Wir arbeiten natürlich auch an nachhaltigen Bauweisen und versuchen zunehmend, auf alternative Dämmmaterialien umzusteigen. Im nächsten geplanten Kondominium wird deshalb nur Steinwolle verbaut. Auch bei uns gilt es, Styropordämmungen zu vermeiden, künftig könnte vielleicht vermehrt mit Hanf oder Flachs gearbeitet werden. Nachhaltigkeit ist ein laufender Prozess mit viel Entwicklungspotenzial. Dazu gehört auch, kleinere Ideen umzusetzen. So wird angedacht, künftig Fruchtbäume anstelle von Laubbäumen bei den Kondominien zu pflanzen, um etwas Essbares zu erhalten. Auch Gründächer und Bienendächer gehören zum Nachhaltigkeitsgedanken. Begrünte, mit Blumen bepflanzte Dächer helfen den Bienen bei der Bestäubung.
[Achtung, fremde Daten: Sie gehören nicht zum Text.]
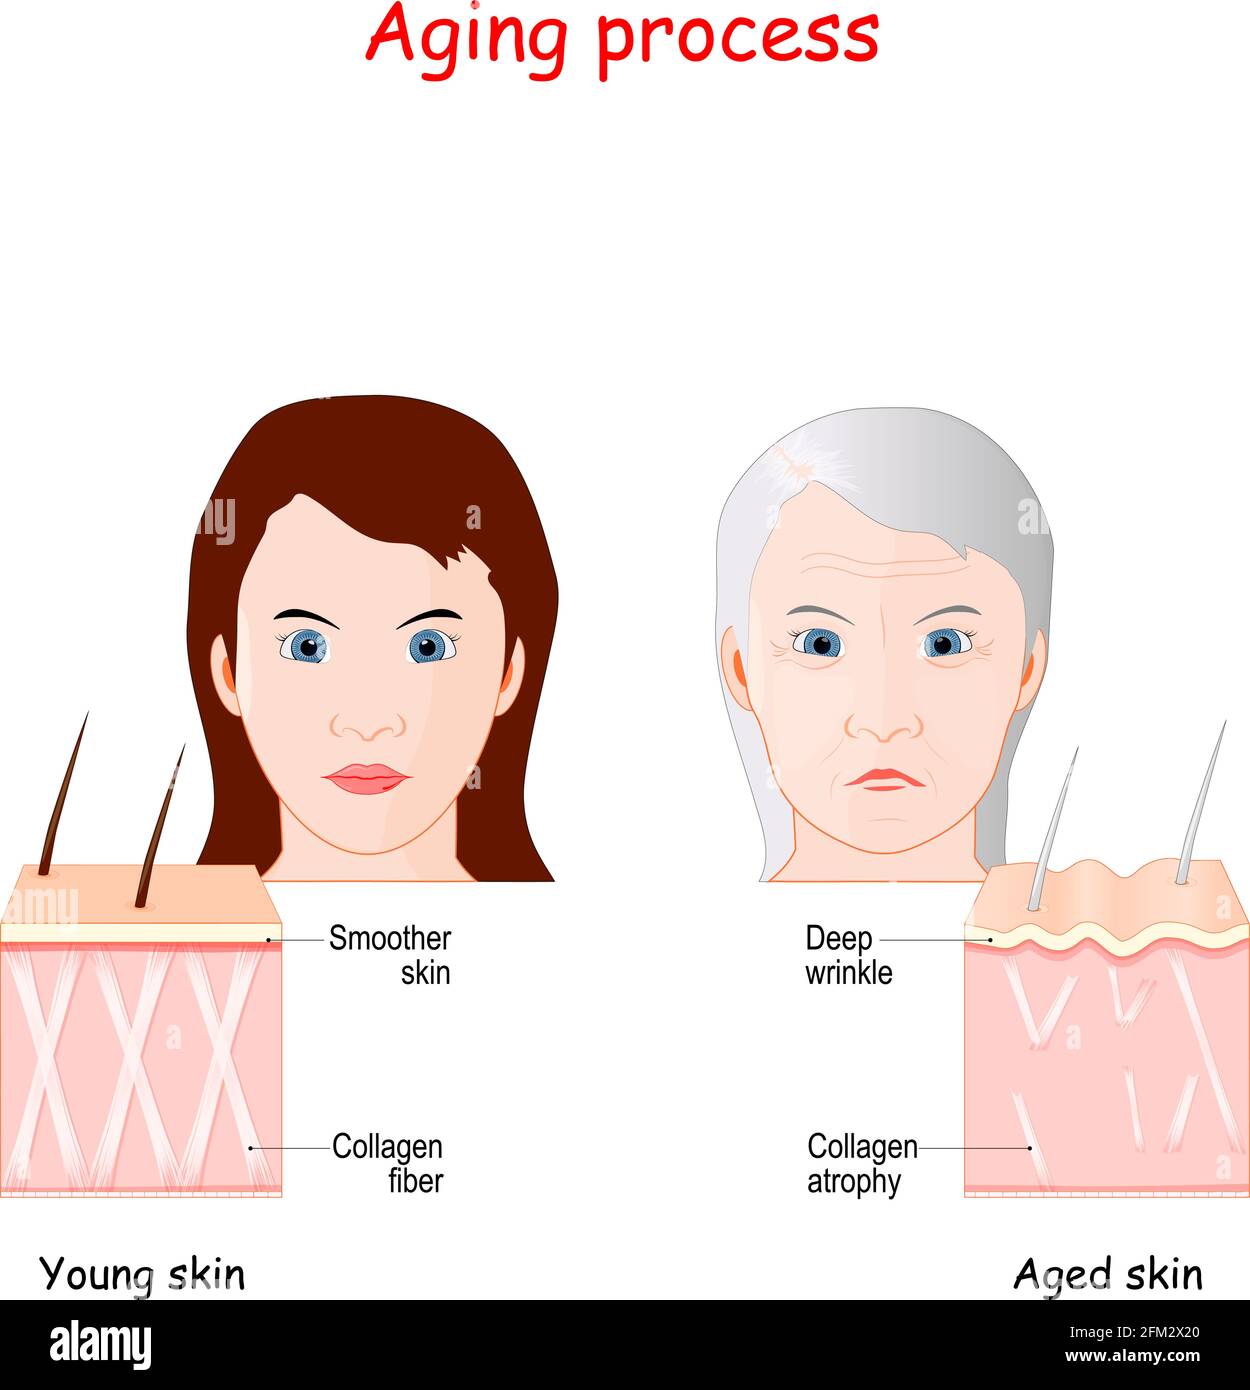 Confronto di processo di invecchiamento della pelle più giovane e più anziana. Pelle più liscia di ragazza con normali fibre di collagene e pelle di donna adulta con profonde rughe Illustrazione Vettoriale

Das Regenwasser wird in der angelegten Substratschicht gespeichert und wieder in die Umwelt abgegeben. Dadurch wird der Überhitzung der Gebäude entgegengewirkt, das Wasser läuft nicht einfach in umliegende Gewässer ab und die Umwelt wird so unterstützt. Begrünte Dächer werden immer beliebter. Ob die Umsetzung möglich ist, hängt aber vom Standort des Gebäudes und der Dachform ab.
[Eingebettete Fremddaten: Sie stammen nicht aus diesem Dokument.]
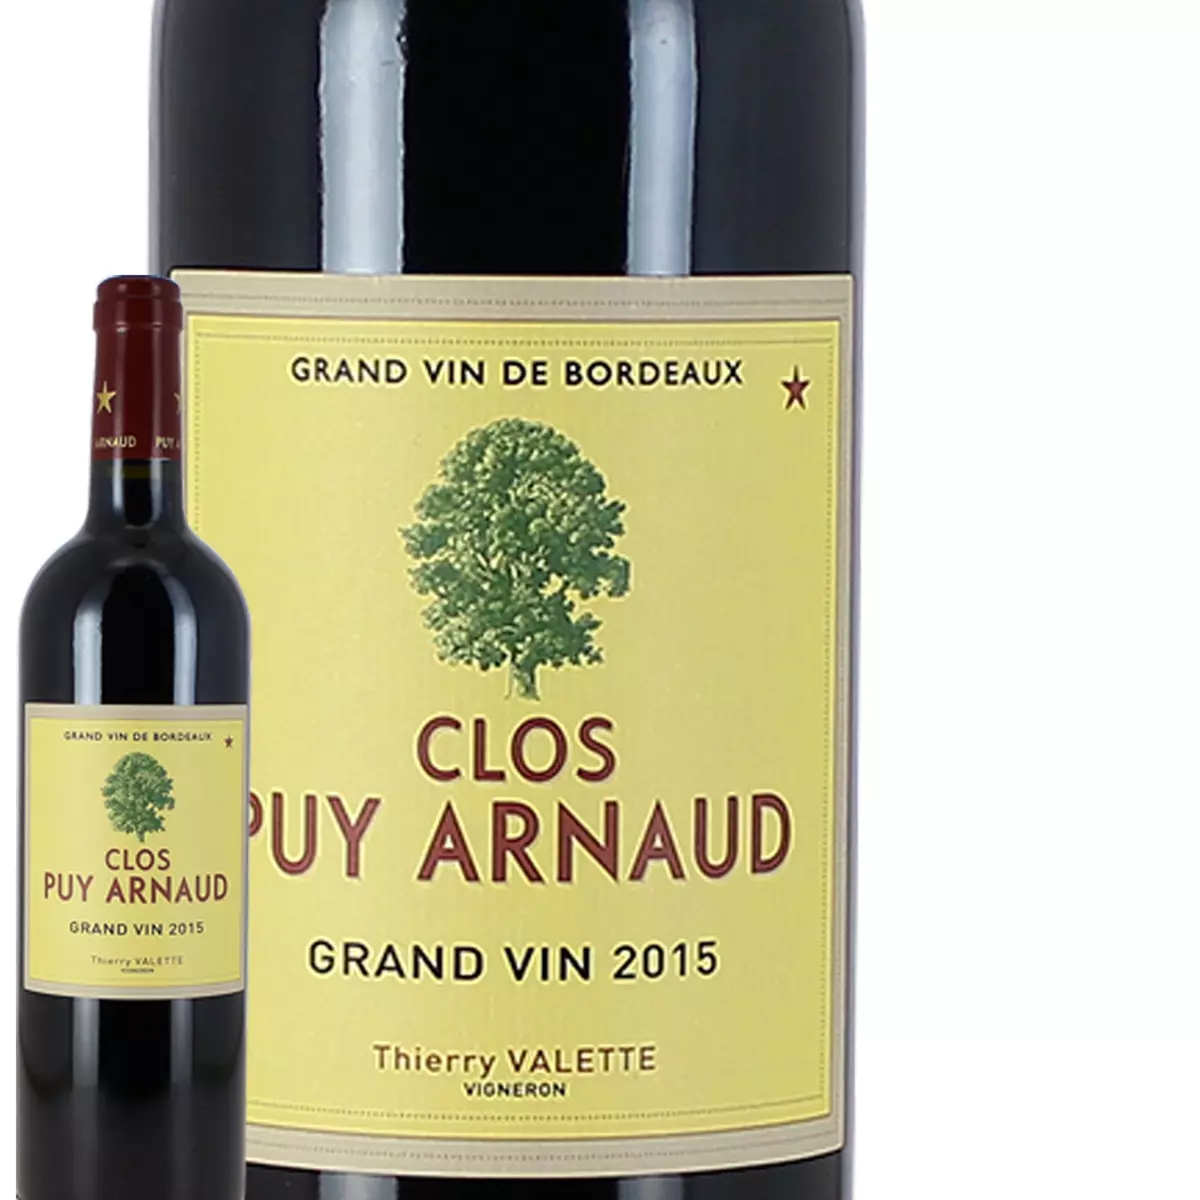 Chateaux Clos Puy Arnaud Castillon cotes de Bordeaux rouge 2015 75cl

Ist Südtirol auf einem guten

Weg, nachhaltig zu bauen?

Ja, die Landesregierung hat mit dem Verbot der Bebauung landwirtschaftlichen Grüns gute Arbeit geleistet. Die Klimahaus trägt zudem einen wesentlichen Teil dazu bei. Sie begleitet und unterstützt Bauprojekte auf ihrem Weg zu mehr Energieeffizienz und Nachhaltigkeit. Im Allgemeinen wird Nachhaltigkeit mittlerweile besser kommuniziert als in der Vergangenheit. Früher wurde sie oft verpönt und als nicht funktionsfähig oder wenig qualitativ angeprangert, wobei Inhalte der Öffentlichkeit schlicht falsch vermittelt wurden, die Meinung hielt sich aber hartnäckig. Die junge Generation besitzt ein großes Bewusstsein für das Thema Nachhaltigkeit, deshalb wird es kein vorübergehender Trend sein, sondern eine neue Richtung, die sich ständig entwickelt. Neue Materialien und Bauweisen erfordern Zeit zum Kennenlernen. Erfahrungswerte, besonders positive, sind für eine stetige Weiterentwicklung wichtig. Wenn wir in Südtirol hier am Ball bleiben, sind wir auf einem guten Weg.